Pile-on over PBMs continues with FTC comments and a new bipartisan Senate bill
More than 500 stakeholders sent comments to the FTC on whether the commission should look further into pharma middlemen, known as PBMs, with many of the commenters calling for more federal oversight.
Similar to the critical open comment period in a deadlocked FTC session last February, pharmacies and pharmacy groups are continuing to call out the lack of transparency among the top 3 PBMs, which control about 80% of the market.
“What has become apparent during the increase of control and authority of PBMs in the prescription drug market, is that when PBM activity negatively impacts independent pharmacies, it also negatively impacts consumers,” the National Community Pharmacists Association said in its comment.
What’s different between February and now is that there is one more Biden-appointed commissioner on the FTC, so the balance has shifted to a 3-2 advantage for Lina Khan, opening the door for a closer look into PBMs.
A coalition of the largest employers in the US also sent a letter to Khan yesterday outlining their “distress with the continued predatory behavior of the PBM industry, an inexcusable lack of oversight, and the cohort’s recommendations for the Commission to increase transparency and address the untenably high costs in health care.”
And the American College of Rheumatology said it’s “particularly concerned” with several PBM practices that negatively impact patients, including “PBM-imposed access barriers, such as step therapy and prior authorization, [that] delay and deny necessary care for patients,” and the way PBMs “create administrative burdens for clinicians and take valuable time away from patient care.”
Congress is similarly pushing for such sunshine, and it’s been a bipartisan effort too.
Republican Sens. Chuck Grassley (IA) and Mike Braun (IN), alongside Democrat Sen. Ron Wyden (OR), submitted a letter to Khan last week, calling for something to be done after the commissioners remained deadlocked in that 2-2 vote in February on whether to formally look into anti-competitive practices of PBMs.
At the time, Khan said, “We have a real moral imperative to act, this inquiry is long overdue.”
Earlier this week, chairs of their respective committees, Sens. Maria Cantwell (D-WA) and Grassley introduced a new bill to shine a light on the PBM market and empower the FTC and state attorneys general to stop unfair and deceptive PBM business practices.

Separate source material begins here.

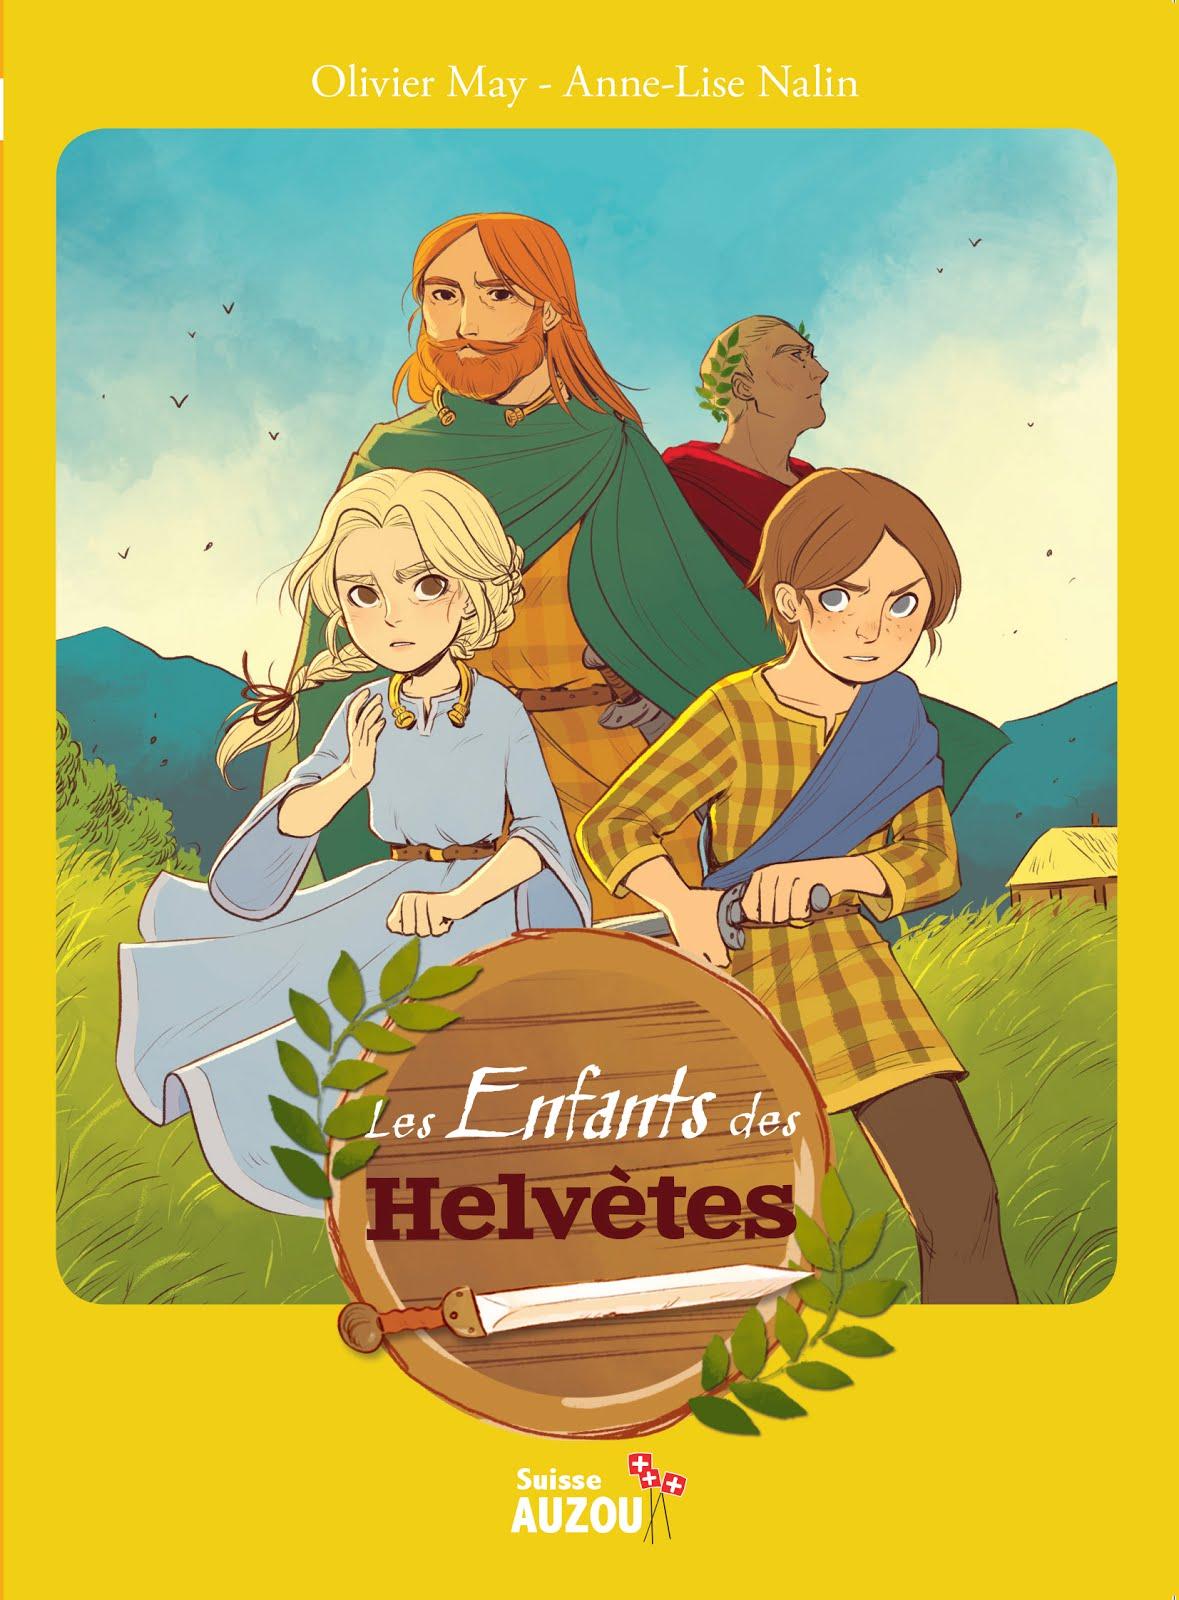 Les Enfants des Helvètes

The legislation would make it illegal for PBMs to engage in what’s known as “spread pricing” in which they charge health plans and payers more for a prescription drug than what they reimburse to the pharmacy, and they pocket the difference. The bill would also prohibit PBMs from clawing back payments made to pharmacies, increasing fees or lowering reimbursements to offset reimbursement changes in federally-funded health plans.
Meanwhile, industry group PhRMA praised a new report from Xcenda that found PBMs are increasingly restricting patient access to prescription medicines.
In 2022, the report notes, 1,156 medicines were excluded from at least one of the three largest PBMs’ standard commercial insurance formularies, which is a nearly 1,000% increase in the number of excluded medicines since 2014.
What’s worse is that brand-name drugs without a generic or biosimilar alternative accounted for nearly half (47%) of total formulary exclusions, leaving patients with fewer and typically more expensive treatment options.